◆ **Supplied entries**:

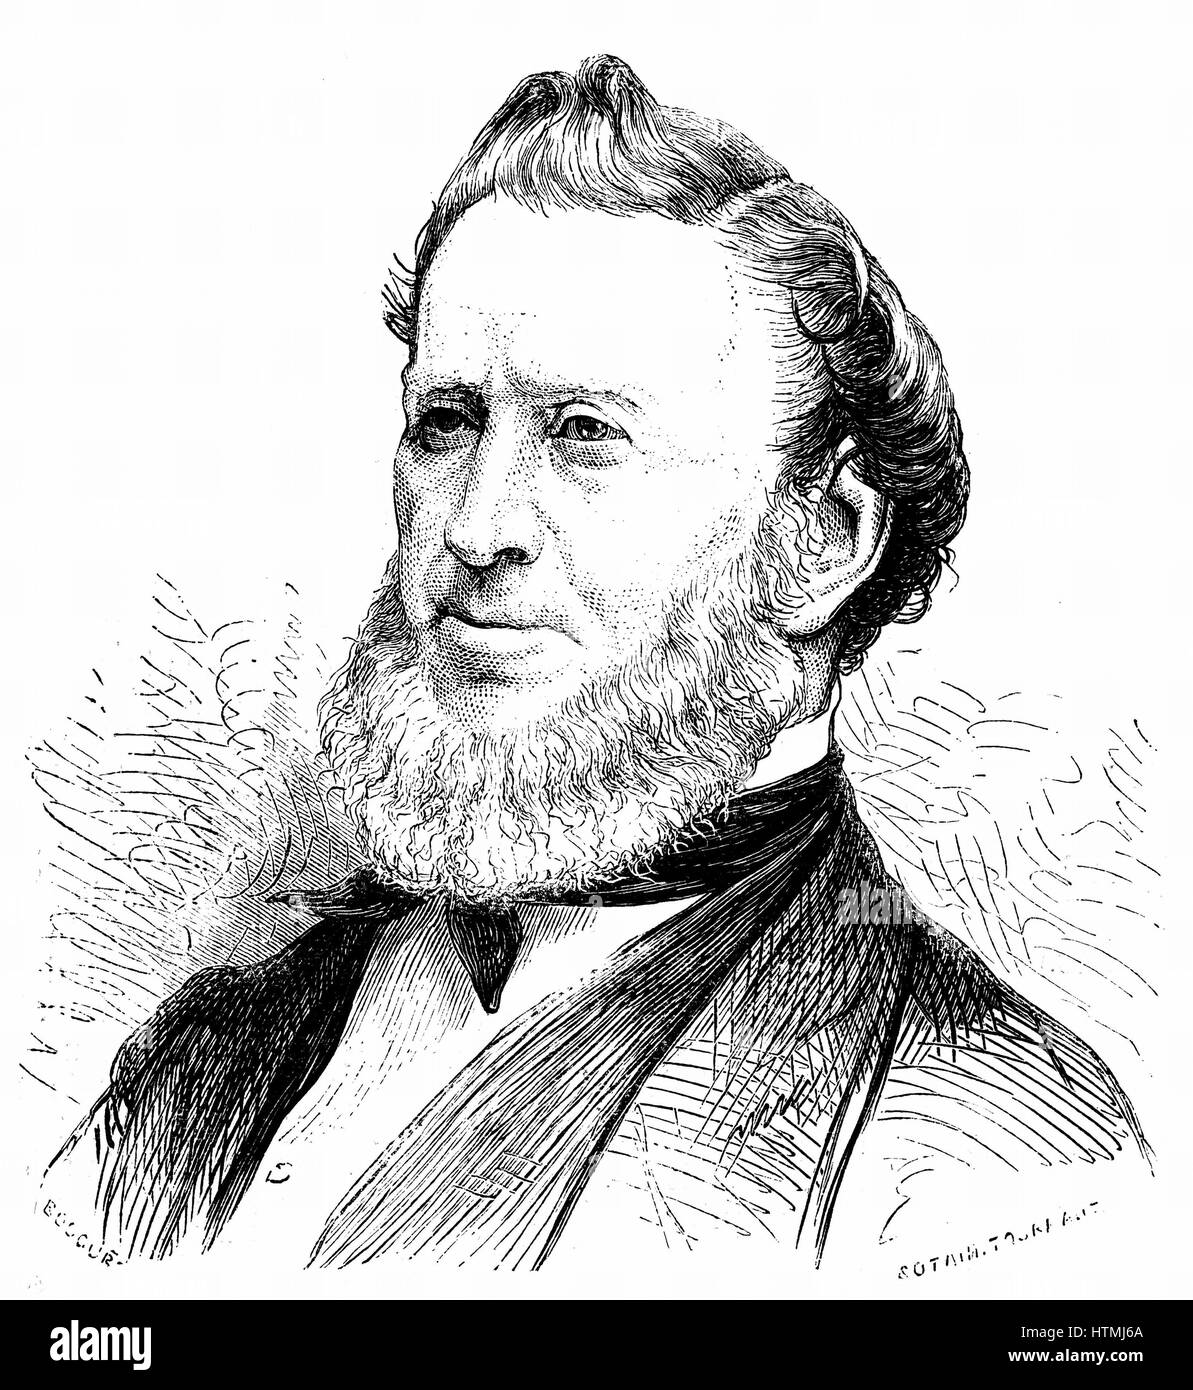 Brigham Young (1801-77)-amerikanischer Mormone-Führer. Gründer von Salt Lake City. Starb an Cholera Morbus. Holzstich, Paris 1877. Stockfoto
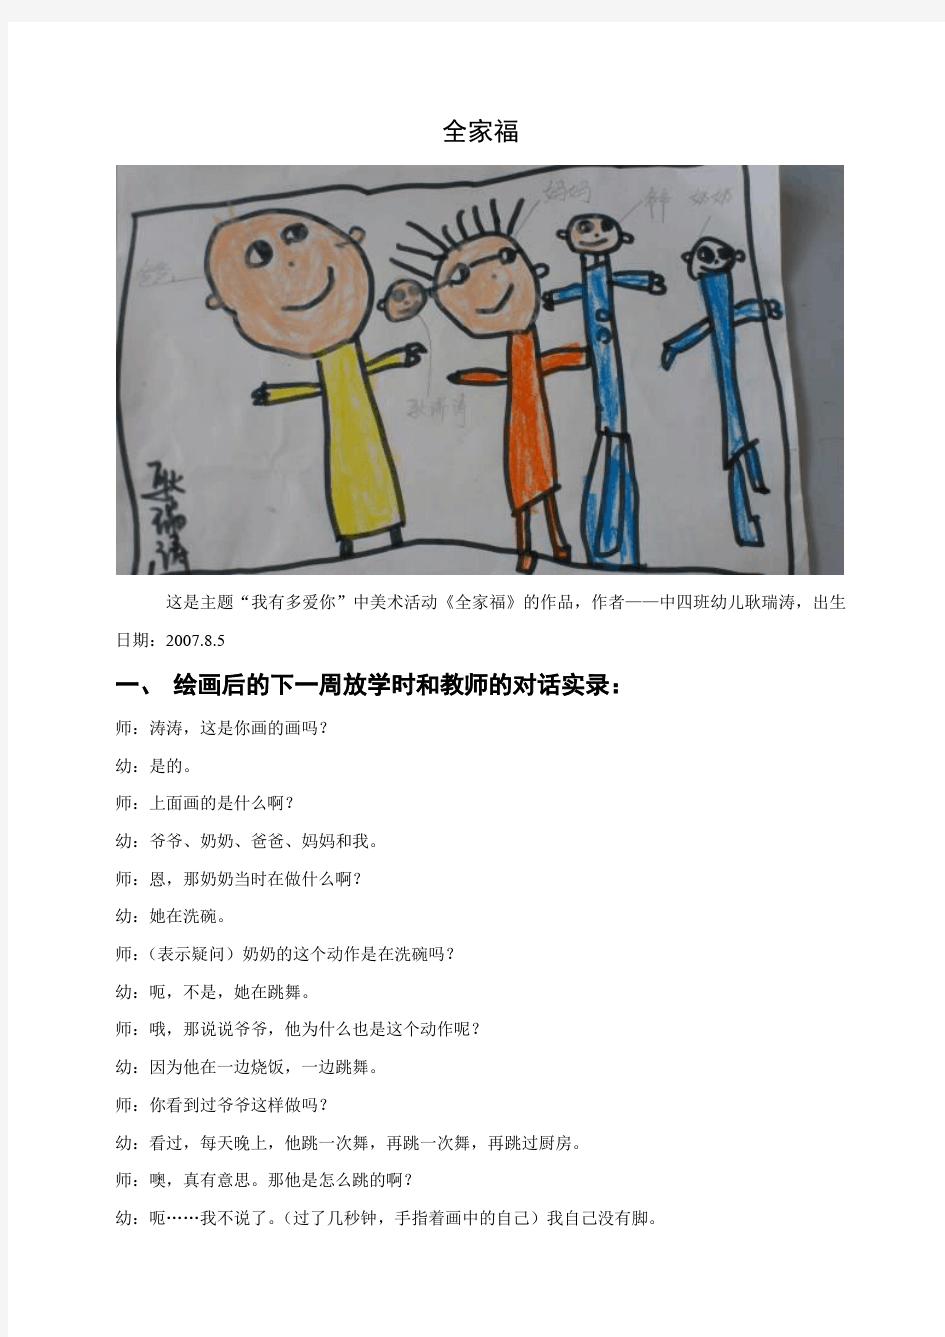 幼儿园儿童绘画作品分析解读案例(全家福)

---

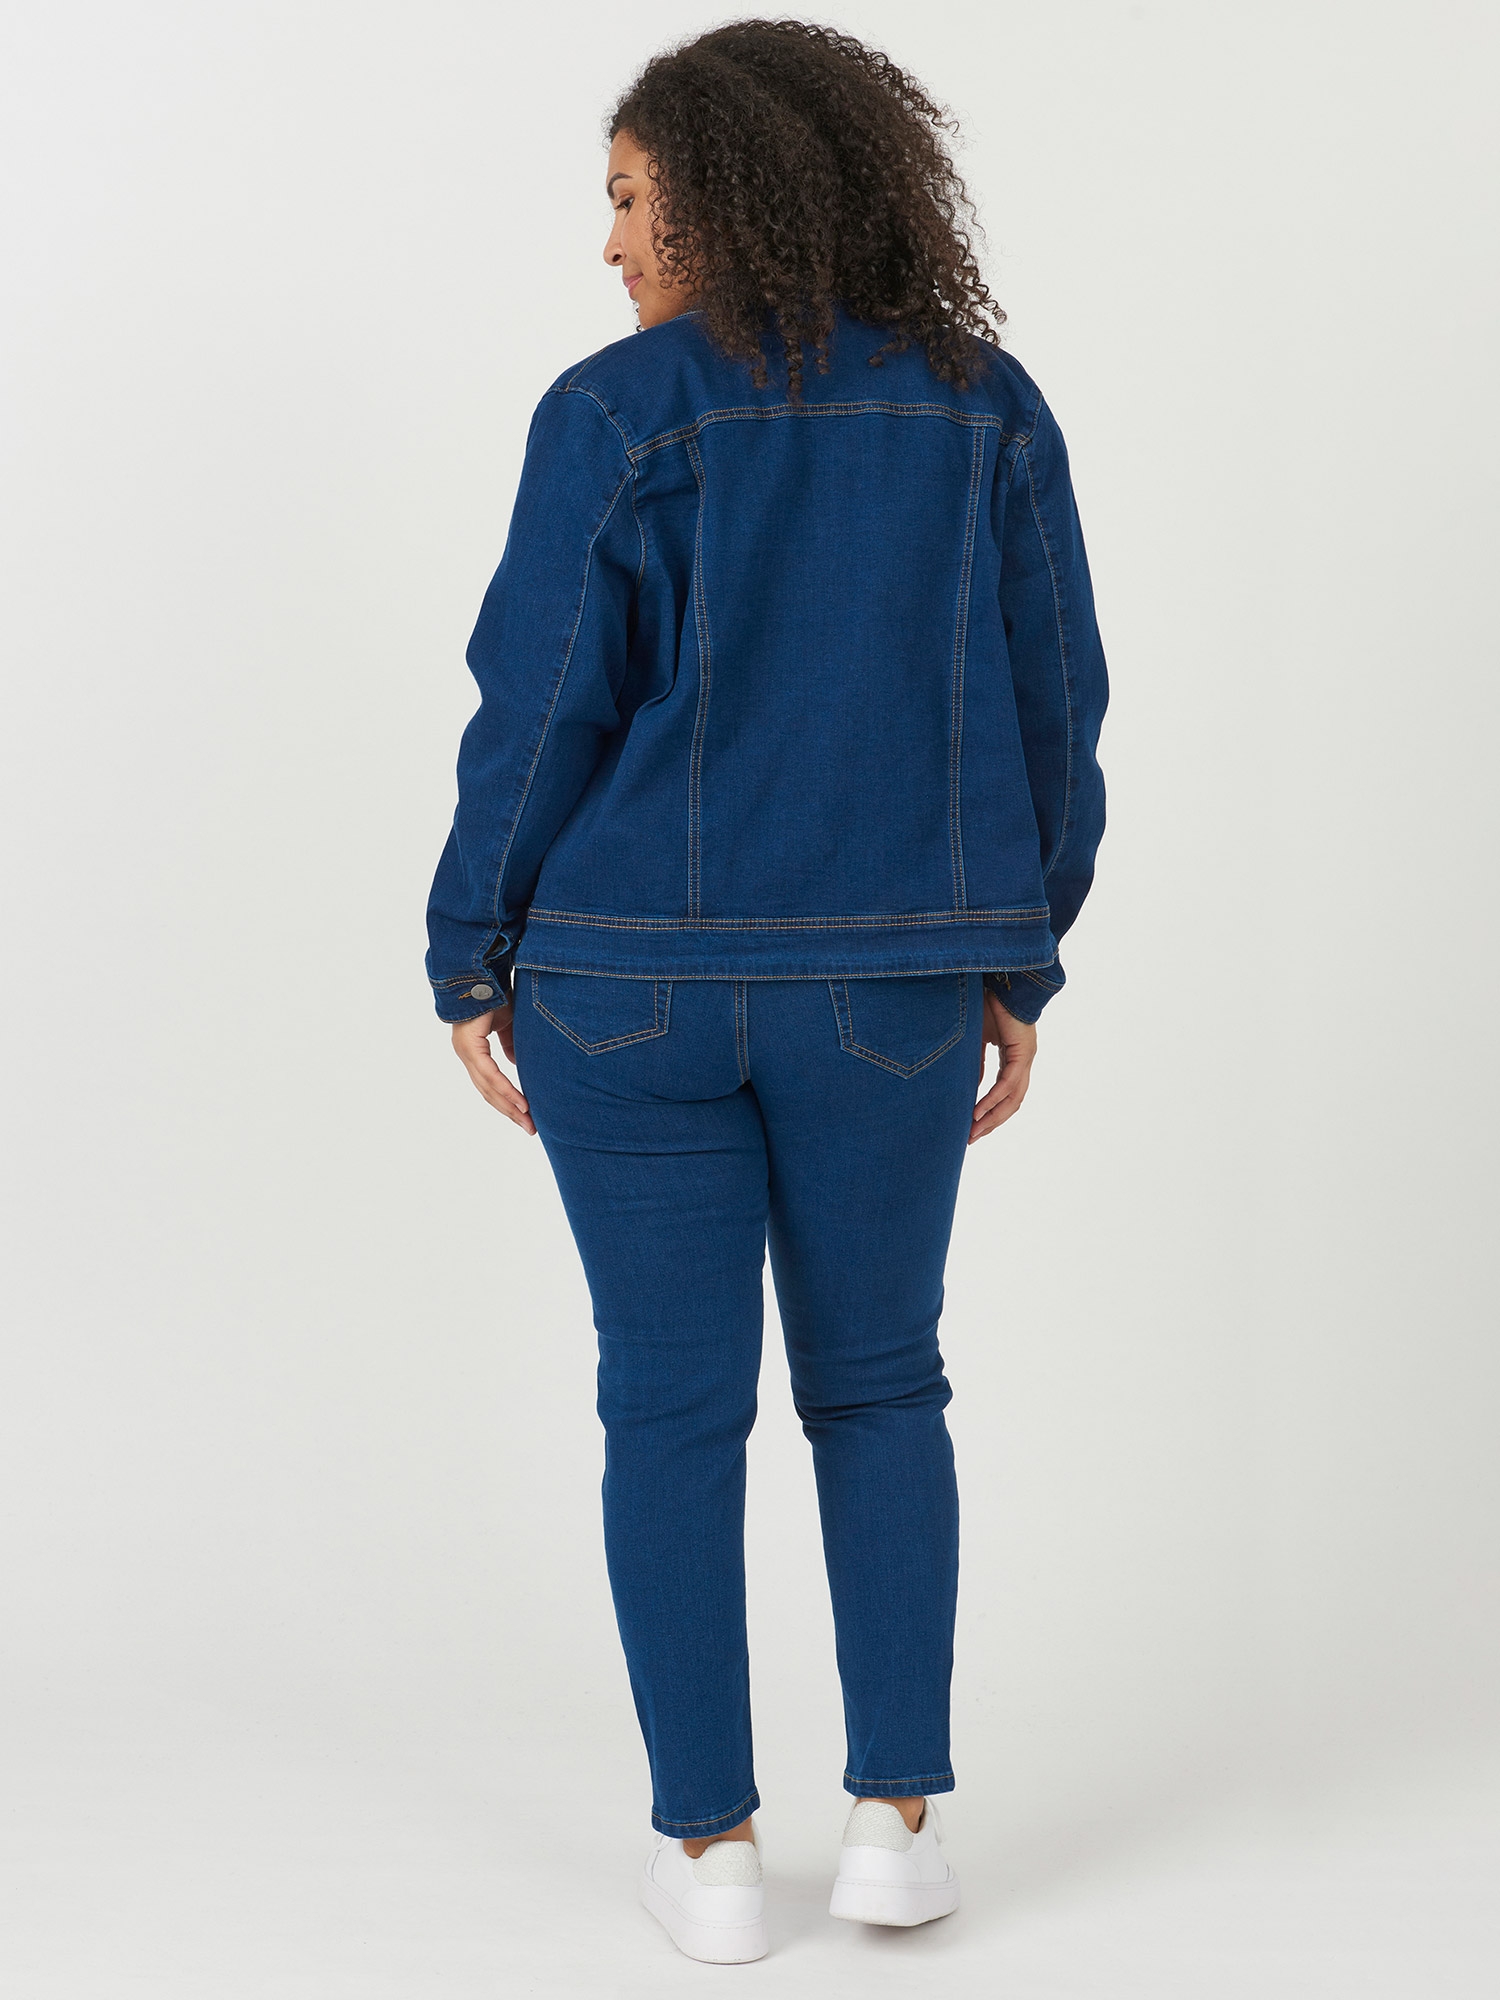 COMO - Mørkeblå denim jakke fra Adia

◆ **Activity**:
From the data above, retype only the lines starting with the line with "Brigham Young (1801-77)-amerikanischer" and going on through the line with "幼儿园儿童绘画作品分析解读案例(全家福)", exactly, leaving out the pictures.

◆ **Completed task**:
 Brigham Young (1801-77)-amerikanischer Mormone-Führer. Gründer von Salt Lake City. Starb an Cholera Morbus. Holzstich, Paris 1877. Stockfoto
 幼儿园儿童绘画作品分析解读案例(全家福)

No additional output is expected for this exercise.